What you need to do — Would you repeat the listing exactly but omit every picture?

Dataset extract —
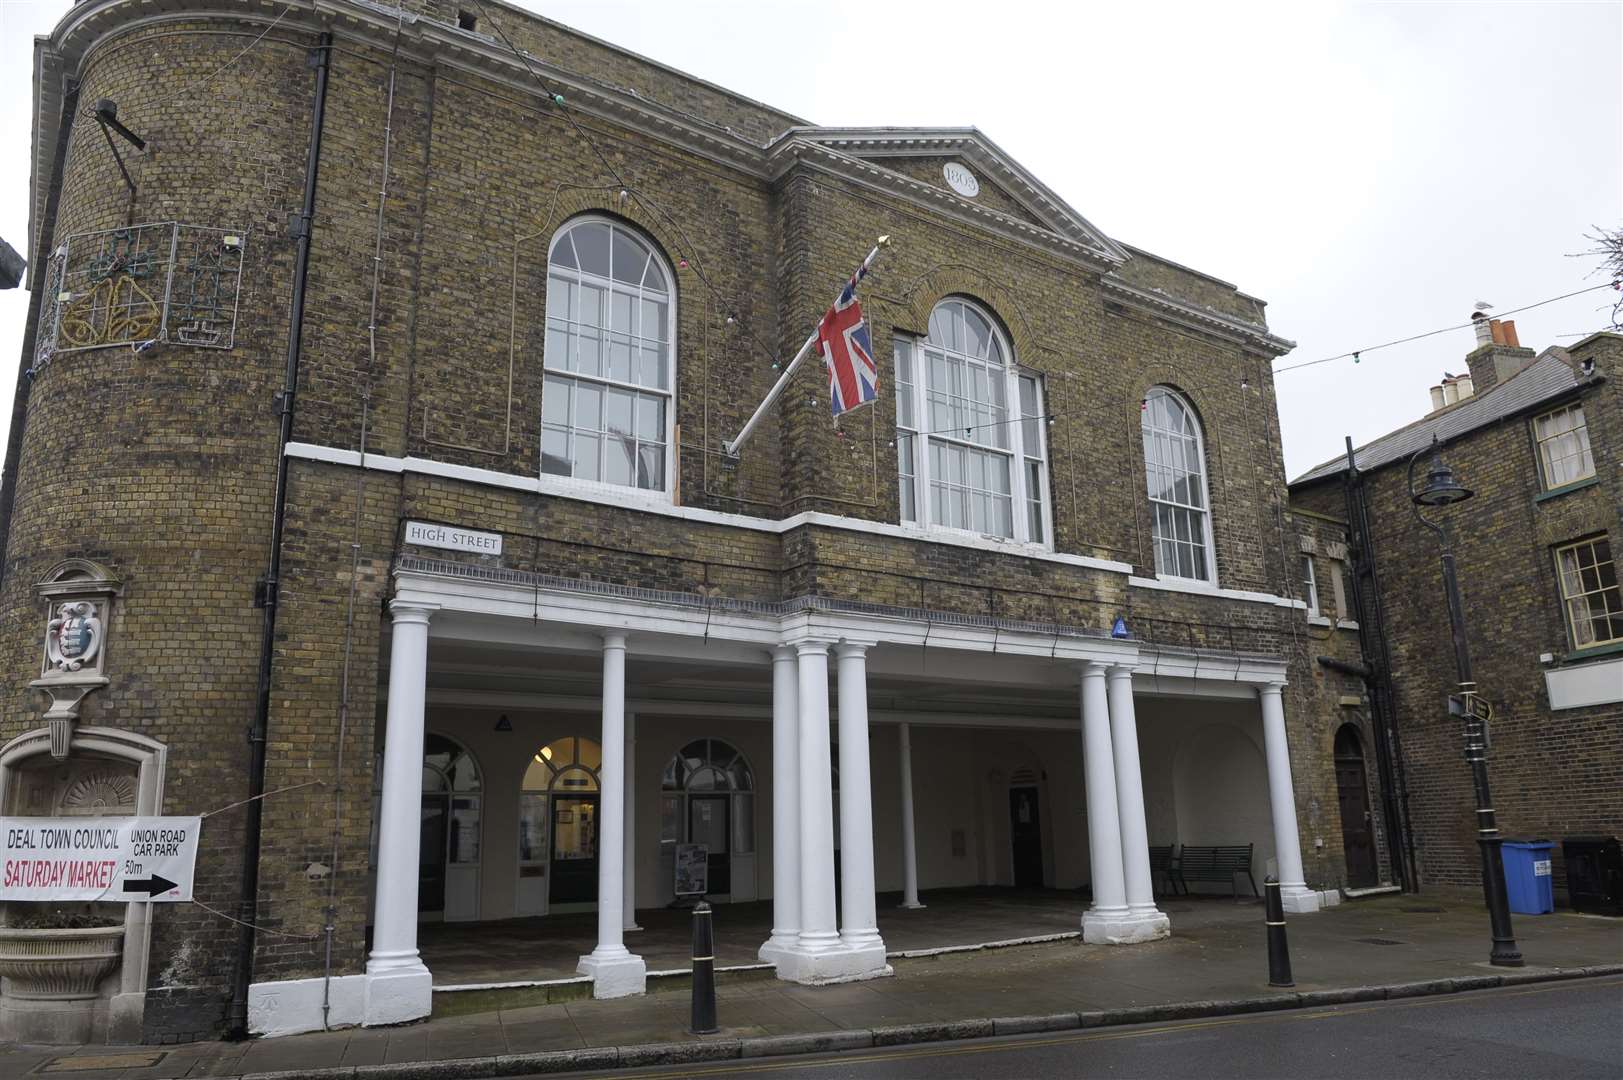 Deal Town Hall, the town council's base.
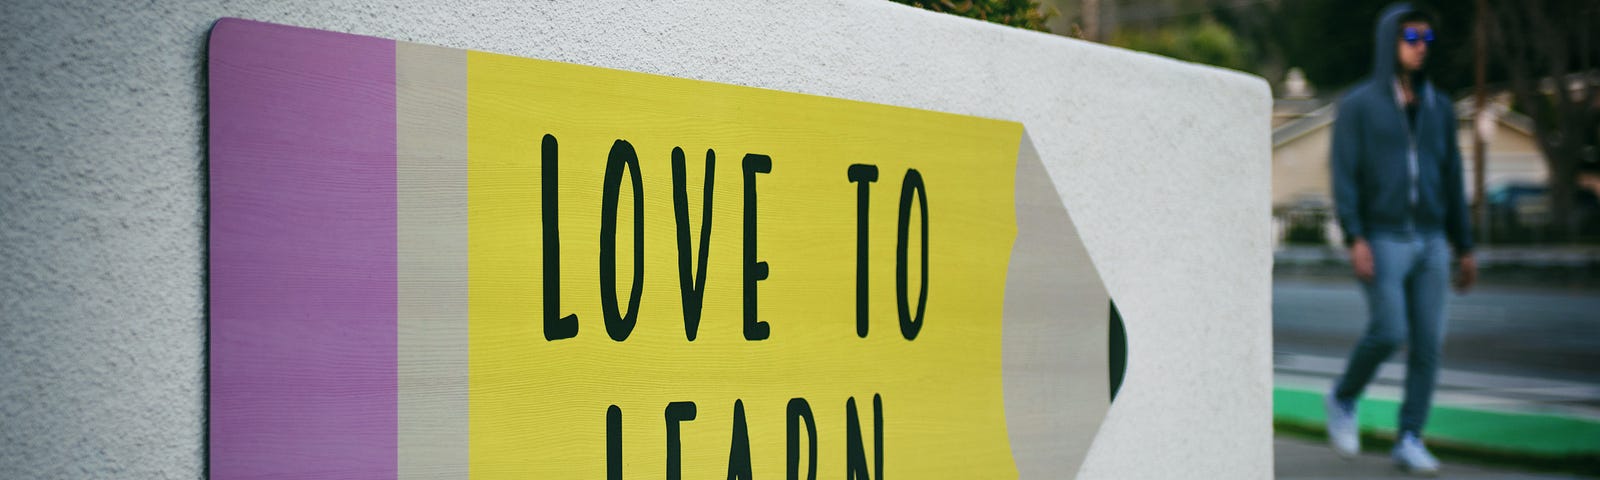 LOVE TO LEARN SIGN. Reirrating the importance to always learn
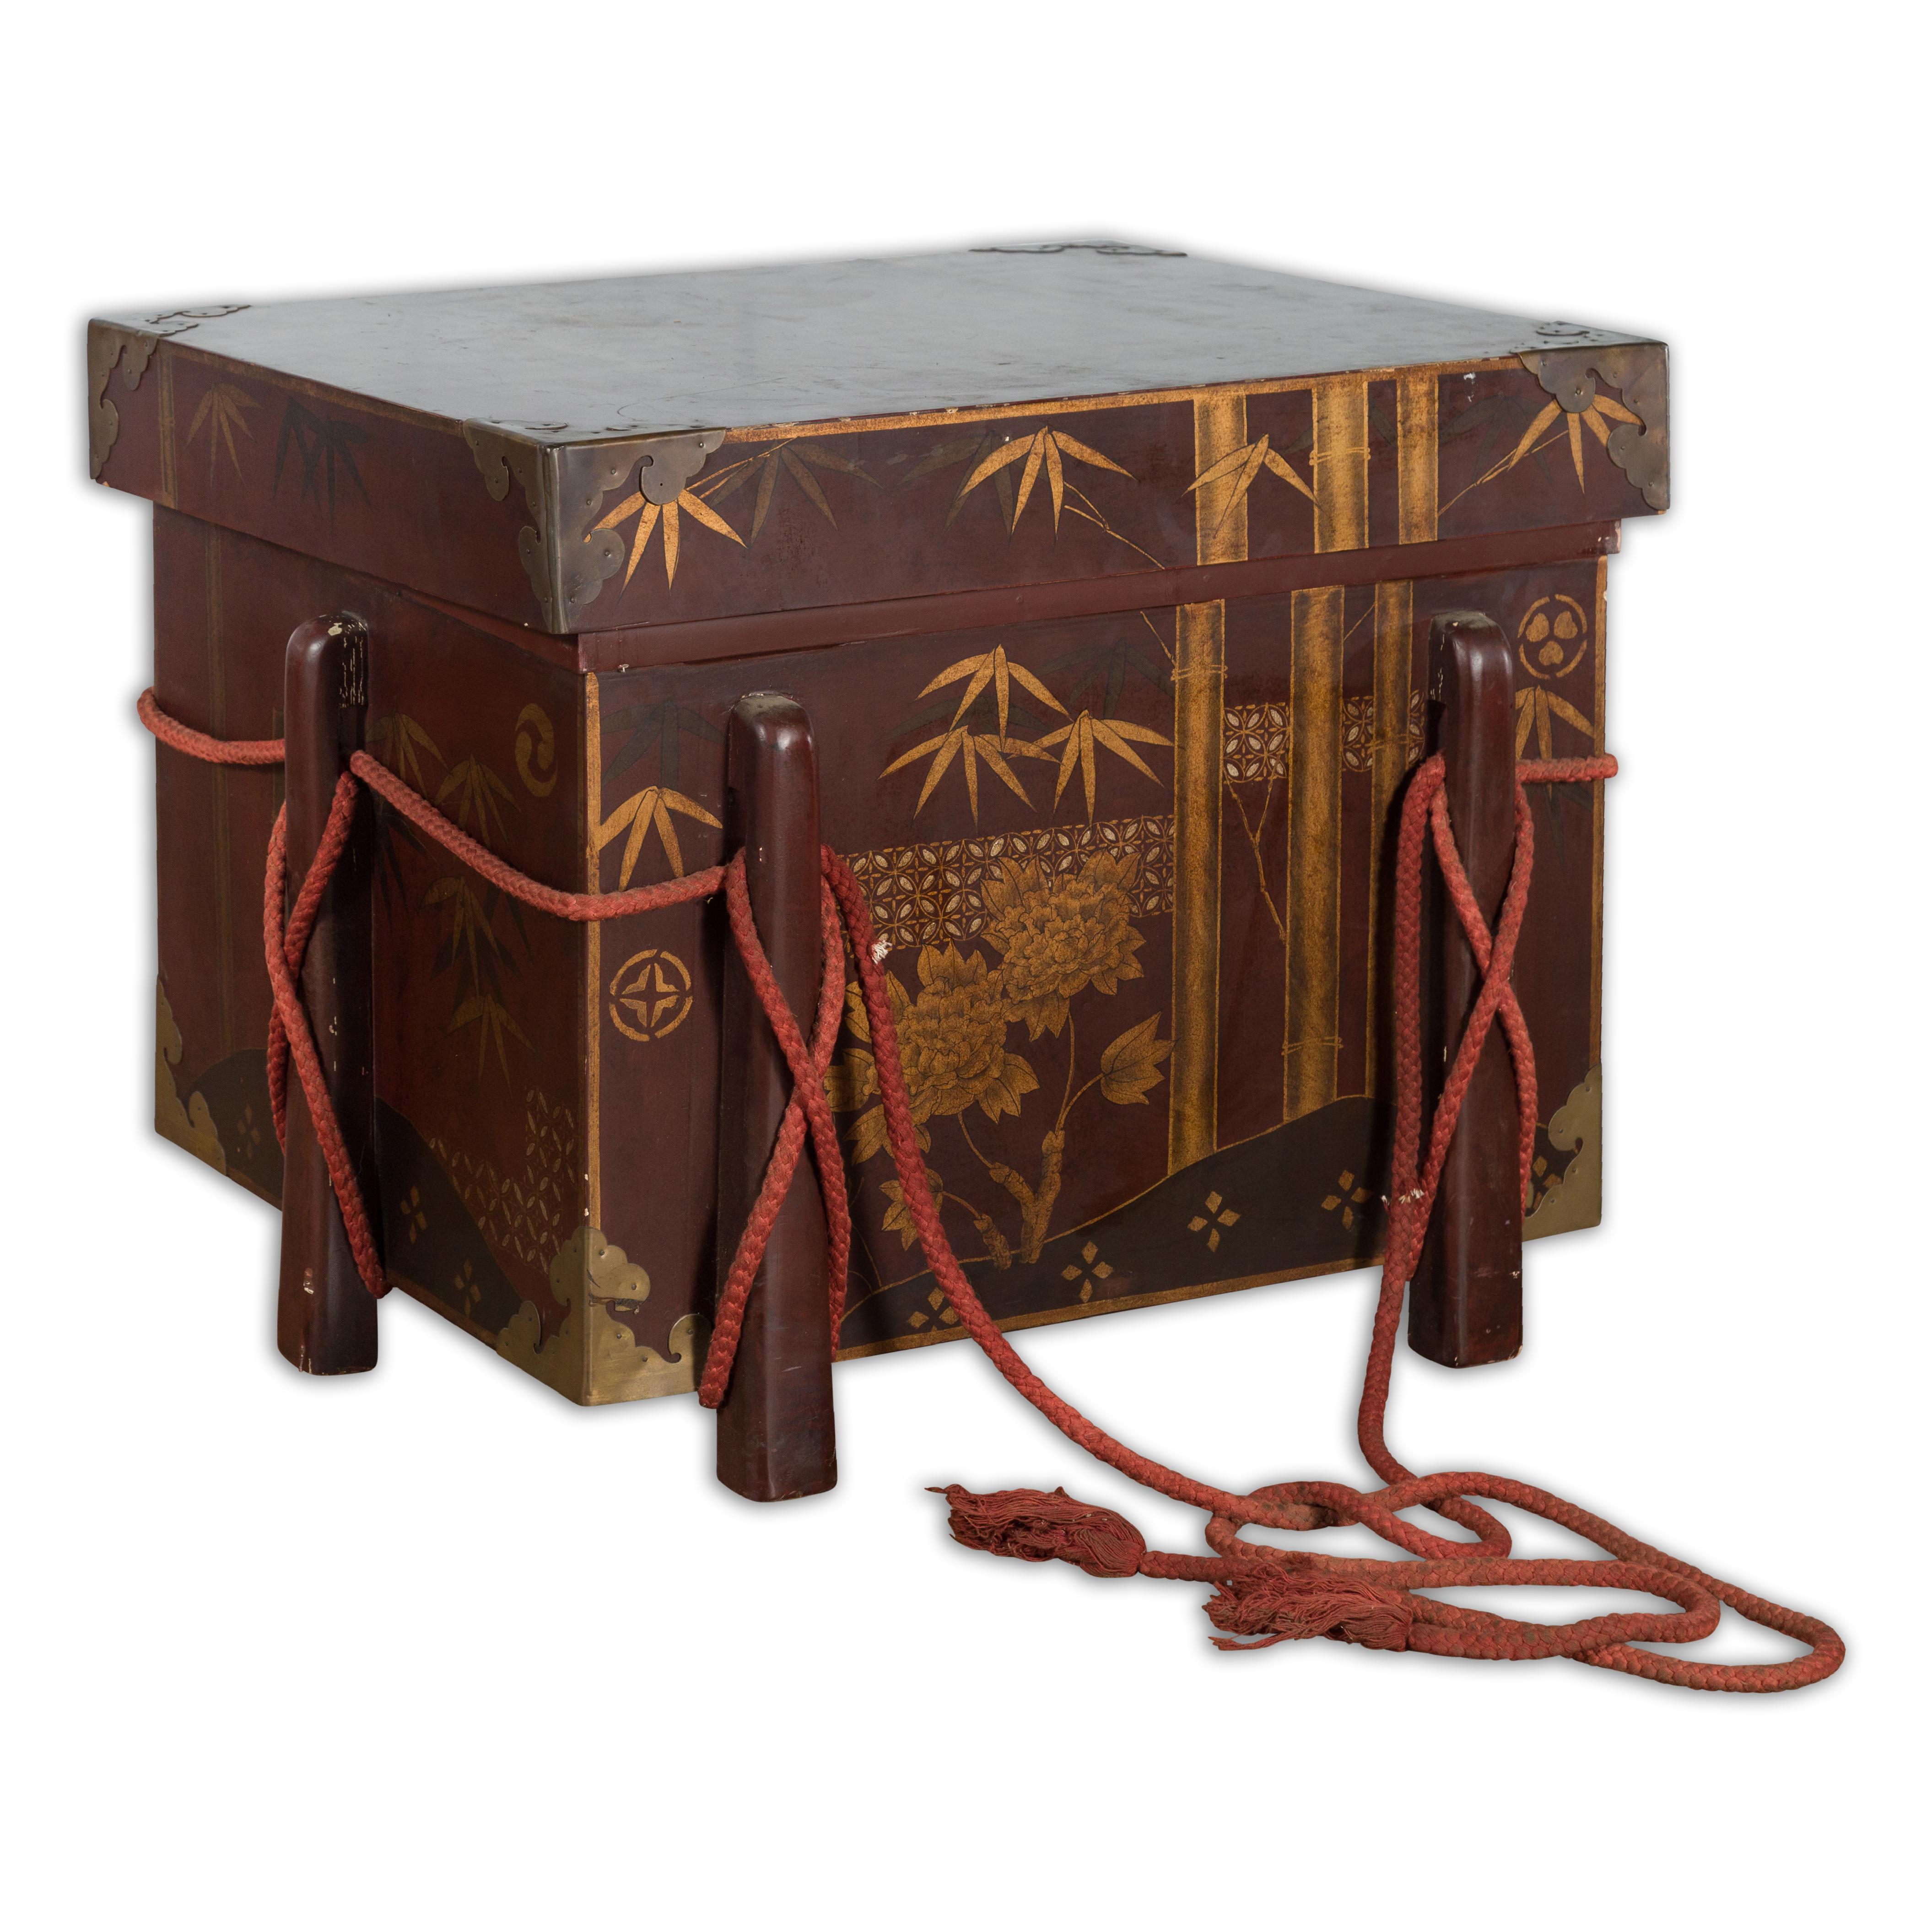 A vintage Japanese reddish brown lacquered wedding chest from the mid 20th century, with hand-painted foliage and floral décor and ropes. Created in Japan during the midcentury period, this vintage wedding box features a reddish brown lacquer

Solution below —
 Deal Town Hall, the town council's base.
 LOVE TO LEARN SIGN. Reirrating the importance to always learn
 A vintage Japanese reddish brown lacquered wedding chest from the mid 20th century, with hand-painted foliage and floral décor and ropes. Created in Japan during the midcentury period, this vintage wedding box features a reddish brown lacquer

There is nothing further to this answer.